• **What the task requires**:
Skip the pictures and give back the rest of the listing exactly.

• **Dataset content**:

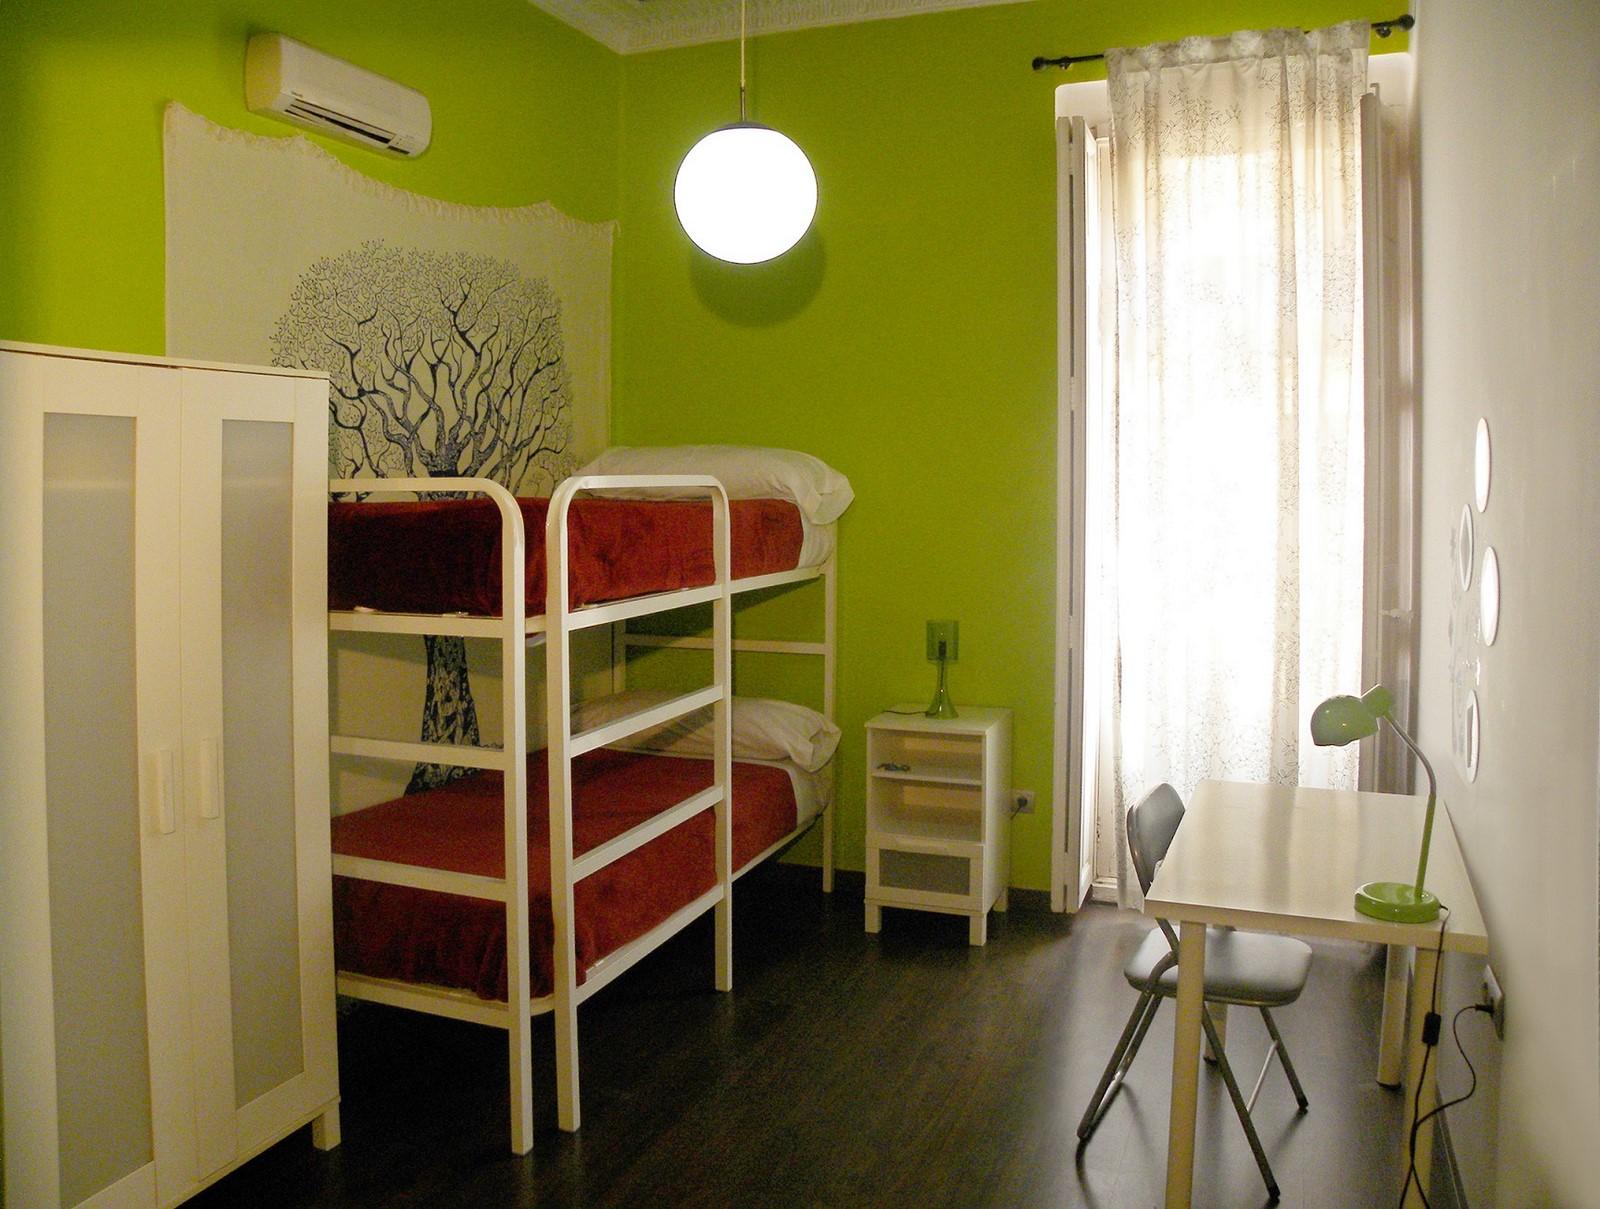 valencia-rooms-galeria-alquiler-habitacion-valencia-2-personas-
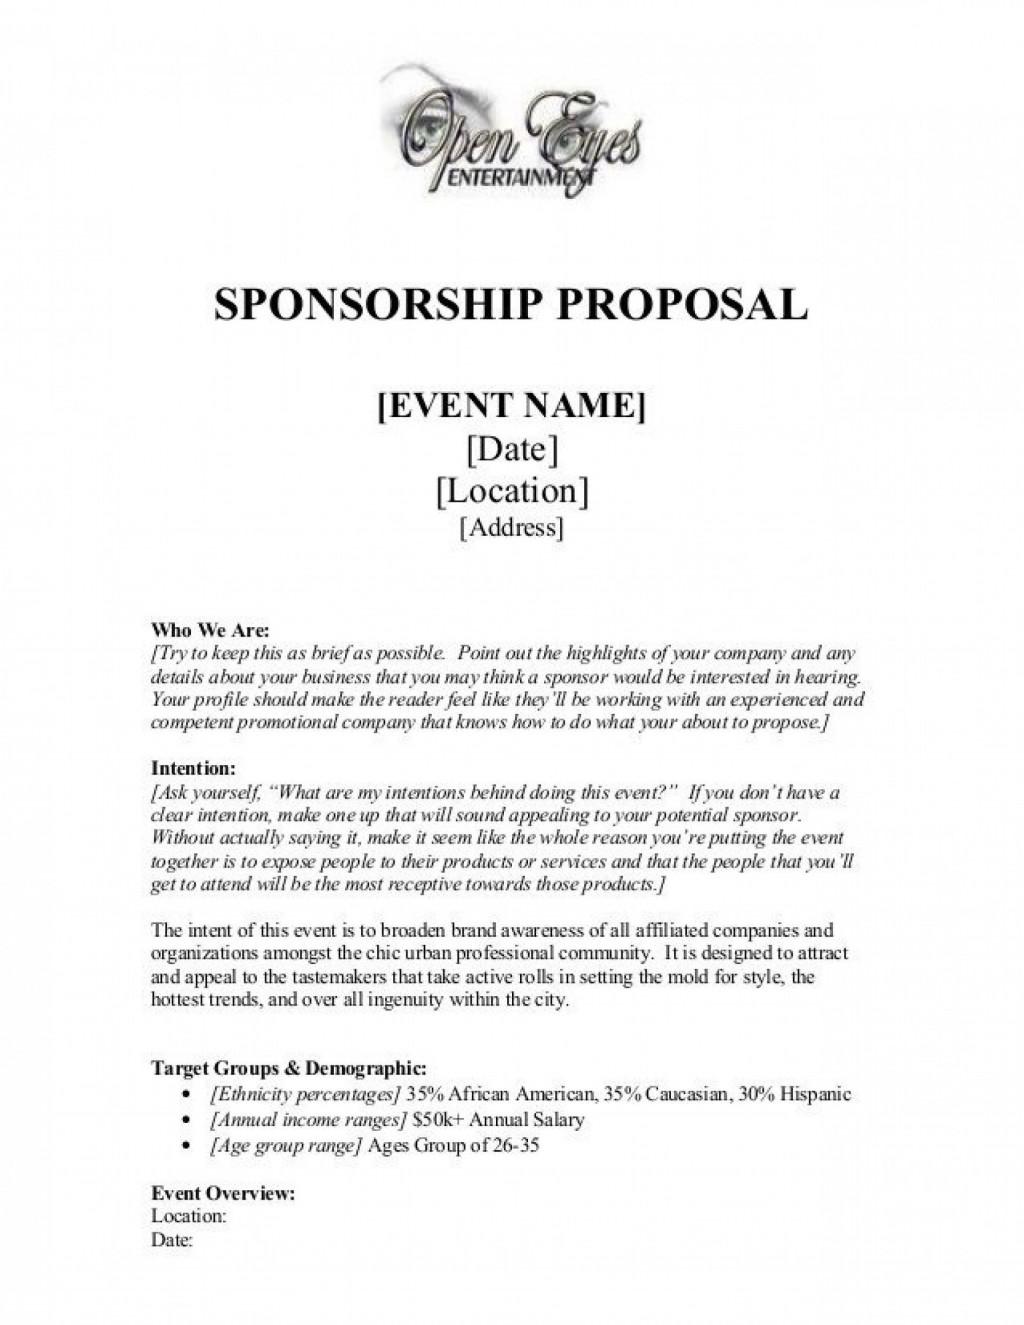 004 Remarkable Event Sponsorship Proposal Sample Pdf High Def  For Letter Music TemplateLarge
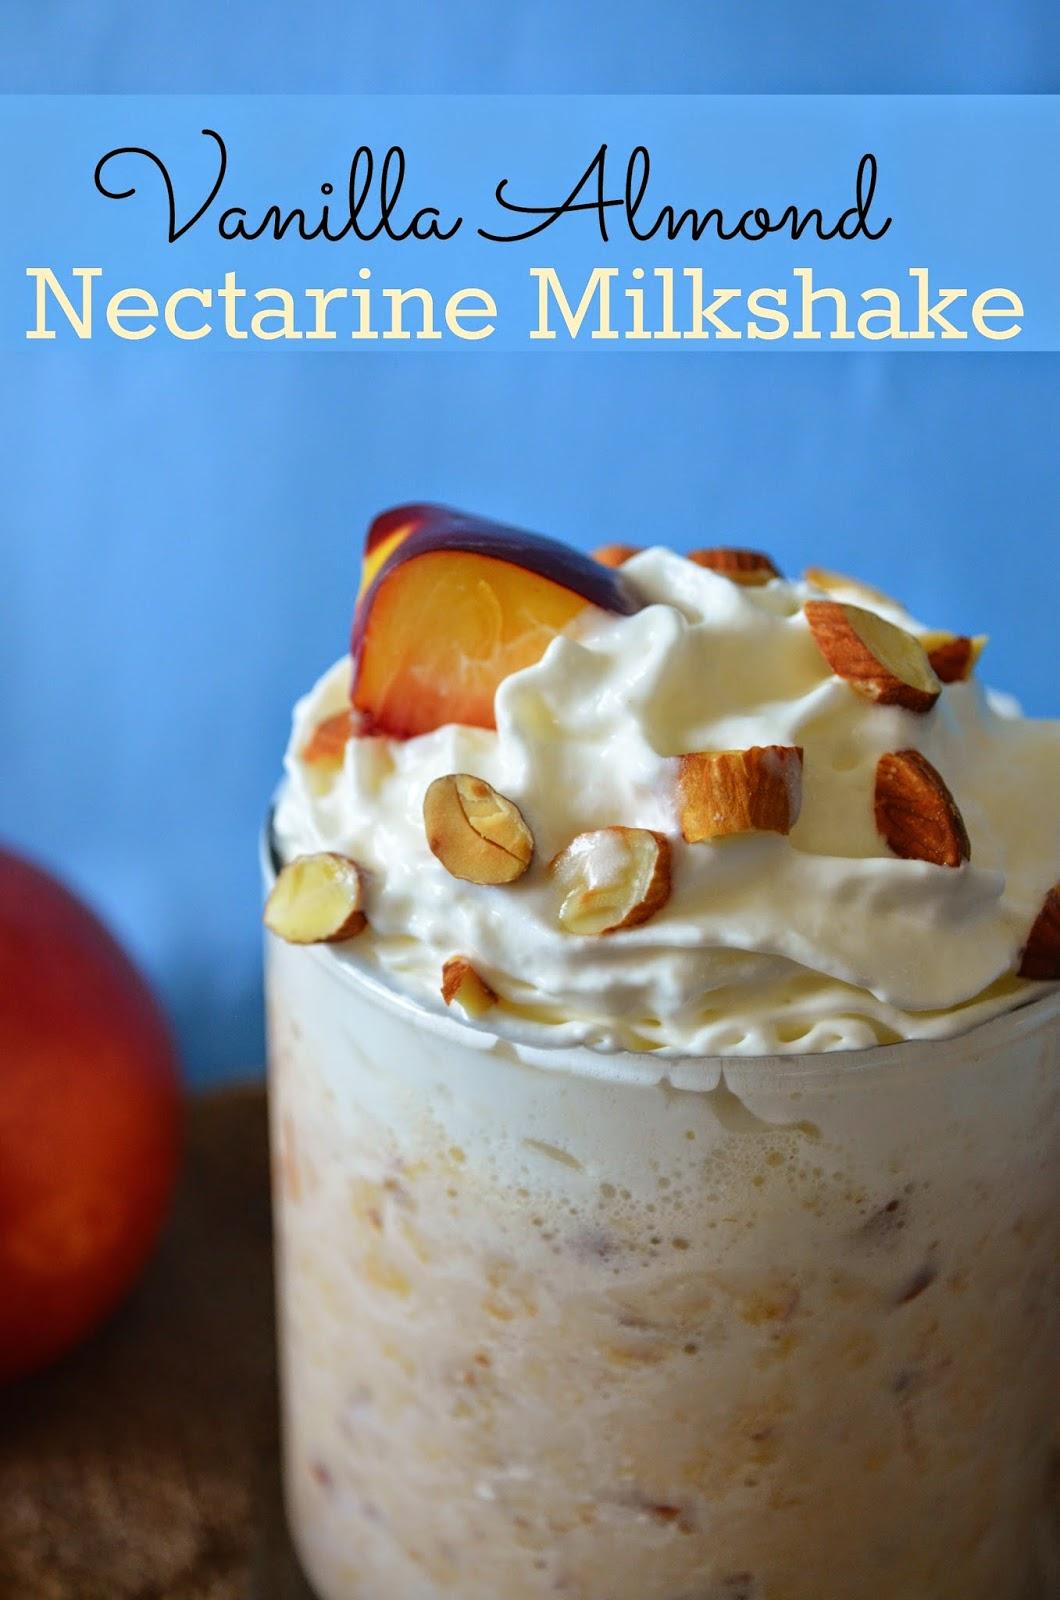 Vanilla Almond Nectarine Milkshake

• **Answer area**:
 valencia-rooms-galeria-alquiler-habitacion-valencia-2-personas-
 004 Remarkable Event Sponsorship Proposal Sample Pdf High Def  For Letter Music TemplateLarge
 Vanilla Almond Nectarine Milkshake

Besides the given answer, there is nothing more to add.